| WHAT TO WORK ON |
Output every line of the material exactly, omitting images.

| INFORMATION PROVIDED |
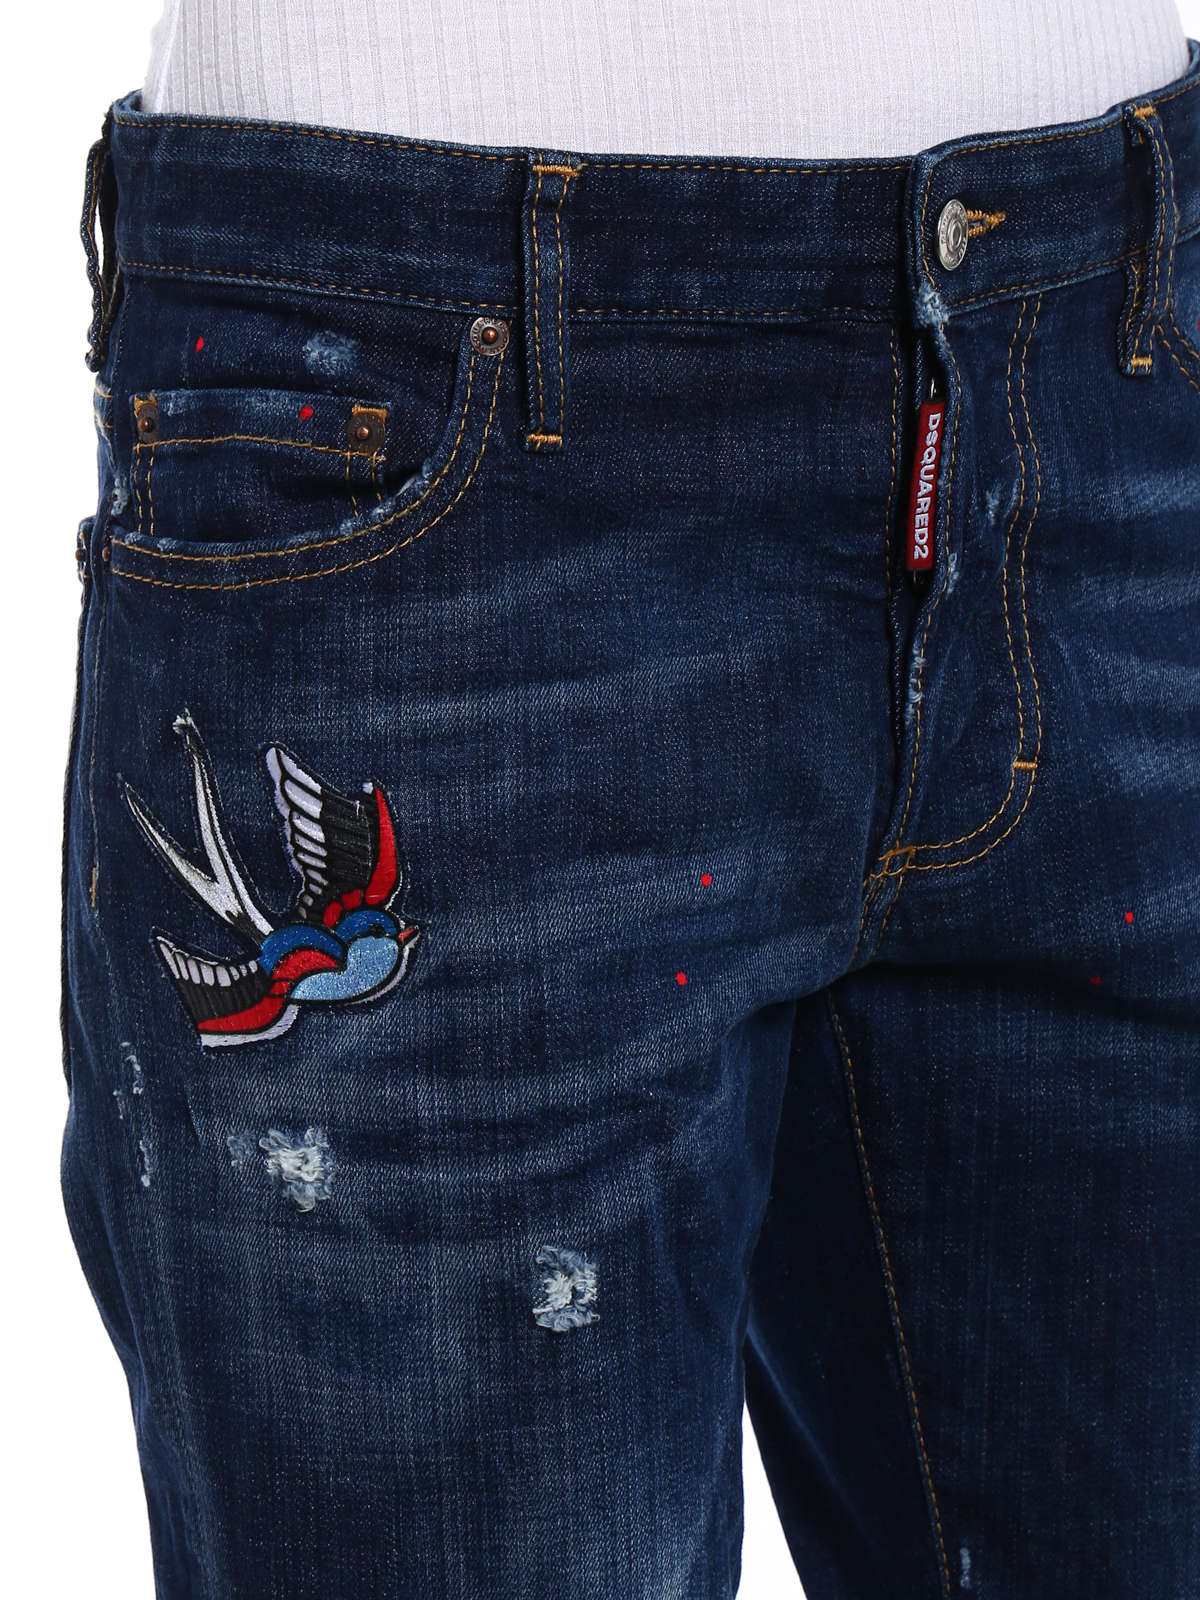 klem Danser Lijkt op Straight leg jeans Dsquared2 - Boyfriend bird patches jeans -  S75LA0994S30342470
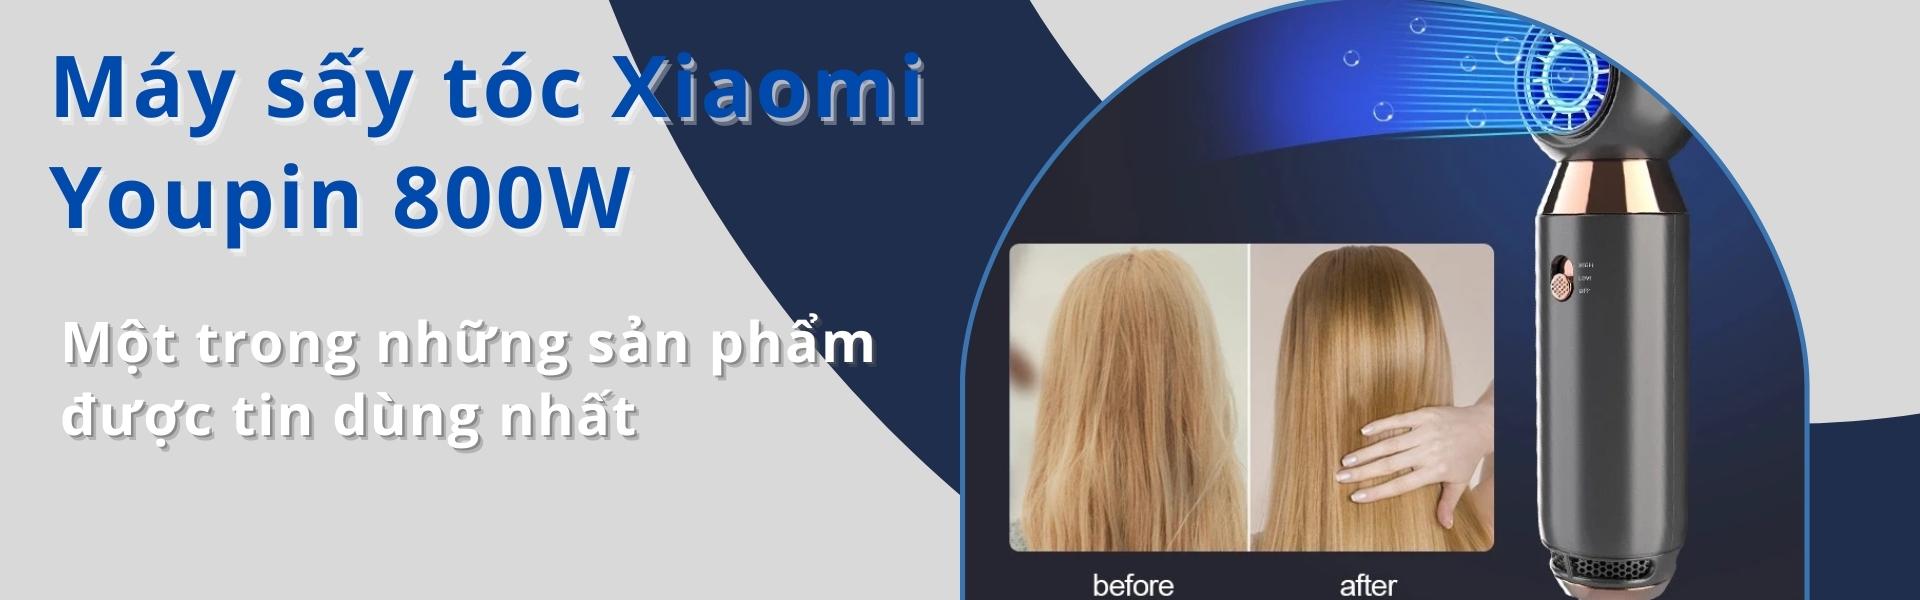 Máy sấy tóc Xiaomi Youpin 800W tạo ion âm với nhiệt độ không đổi giúp tạo kiểu tóc nhanh chuyên nghiệp
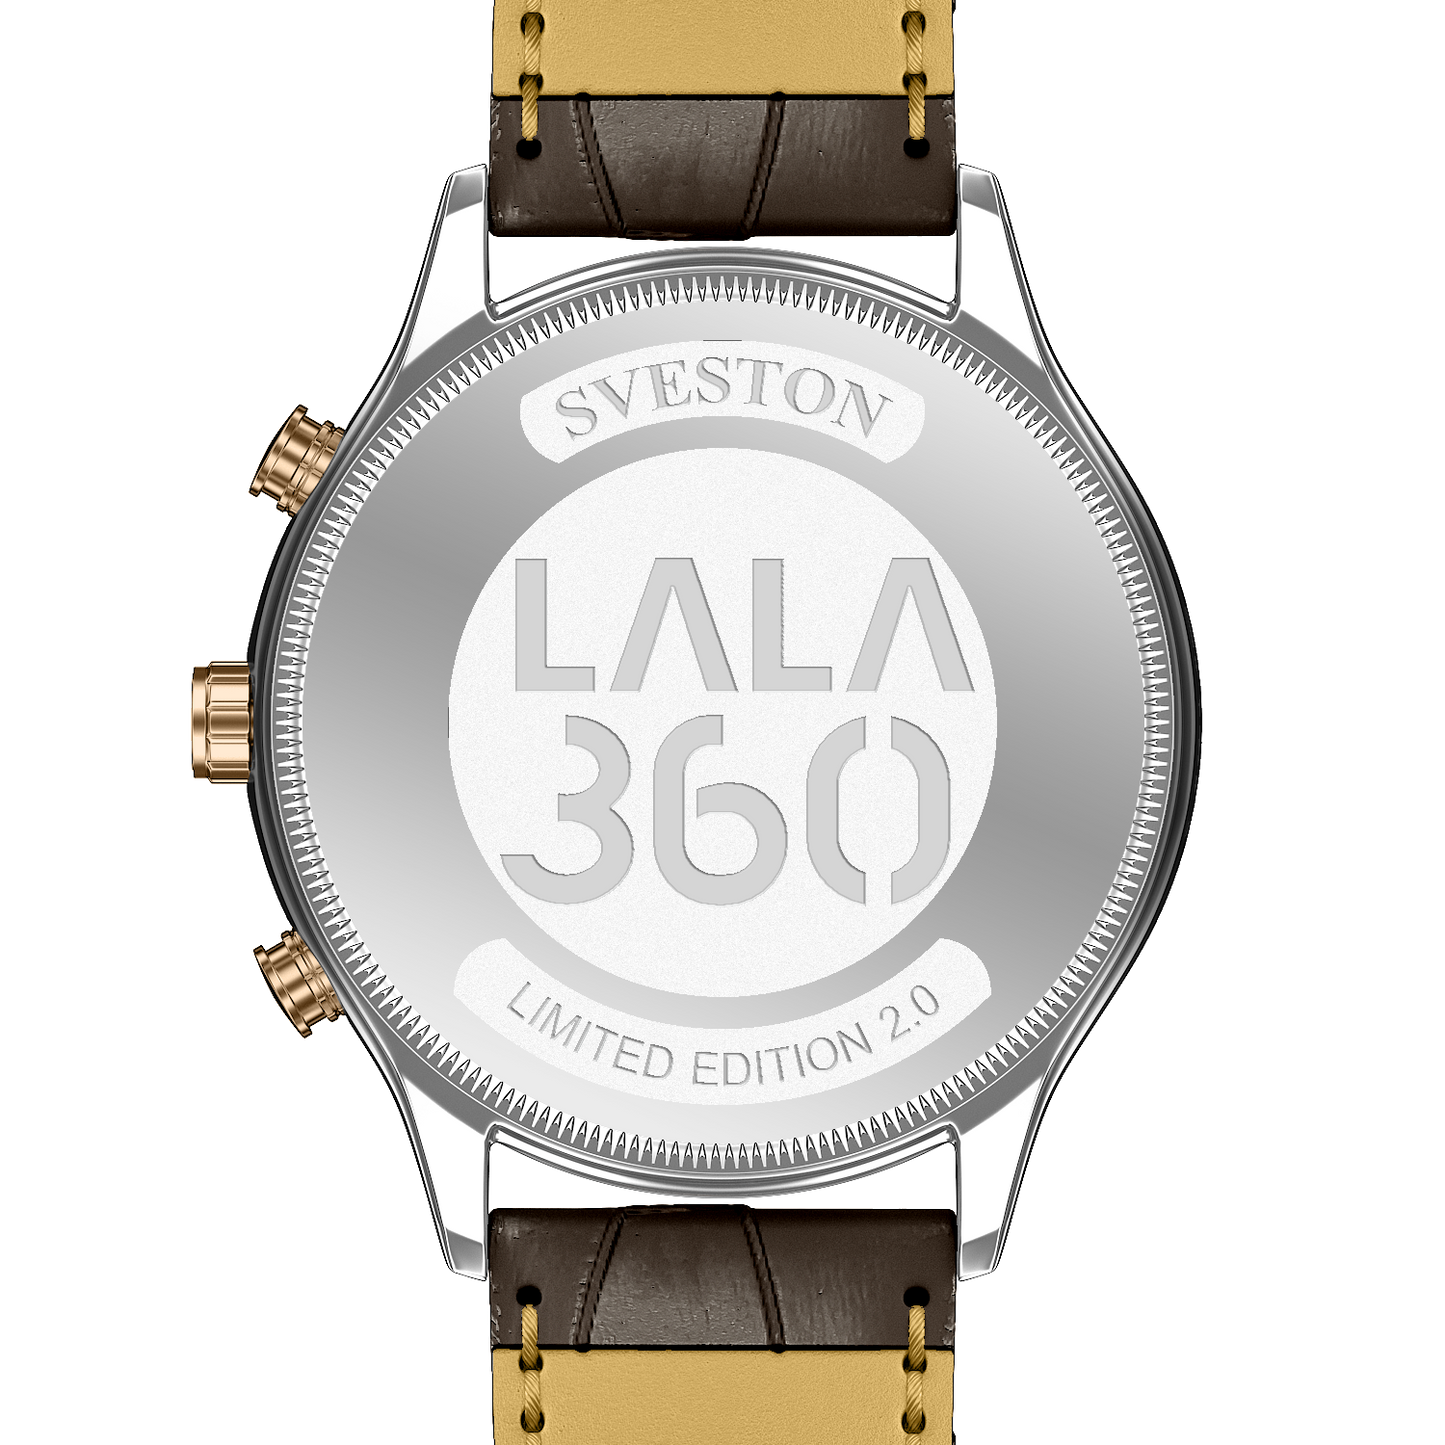 SVESTON LALA 360 Watch
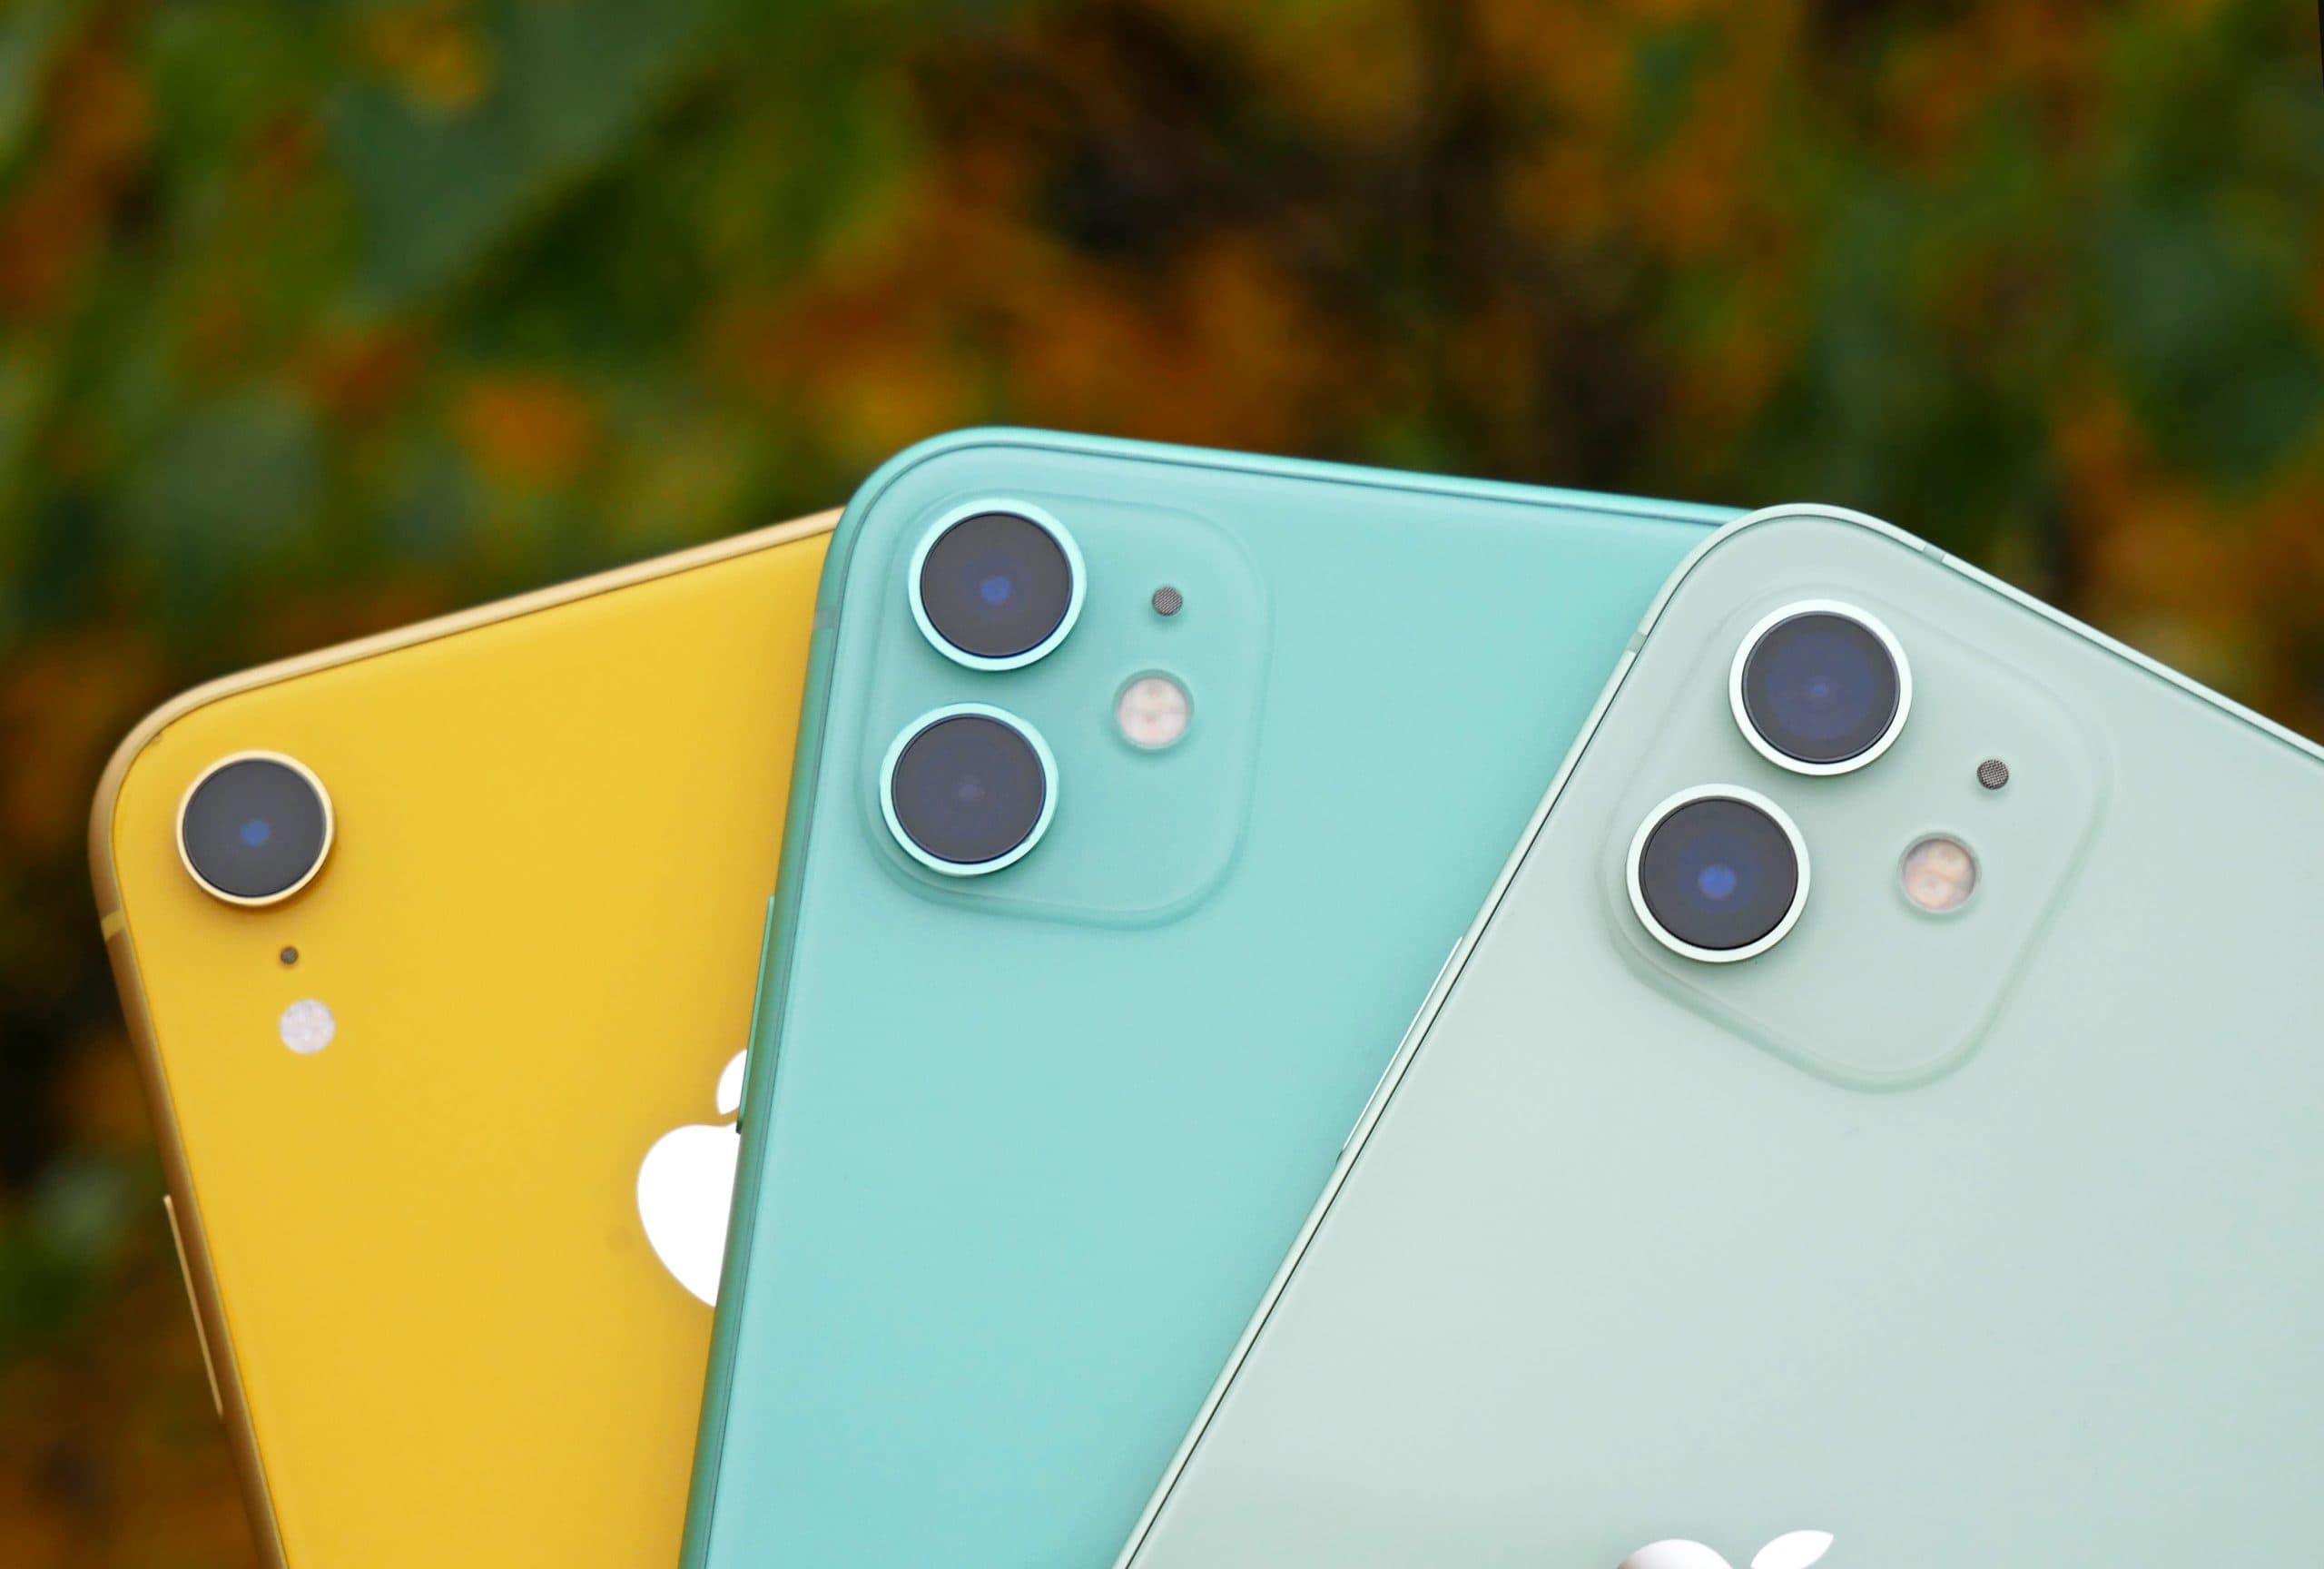 Обзоры — Сравнение камер iPhone 12, 11 и XR — стоит ли платить больше?

| FINAL ANSWER |
 klem Danser Lijkt op Straight leg jeans Dsquared2 - Boyfriend bird patches jeans -  S75LA0994S30342470
 Máy sấy tóc Xiaomi Youpin 800W tạo ion âm với nhiệt độ không đổi giúp tạo kiểu tóc nhanh chuyên nghiệp
 SVESTON LALA 360 Watch
 Обзоры — Сравнение камер iPhone 12, 11 и XR — стоит ли платить больше?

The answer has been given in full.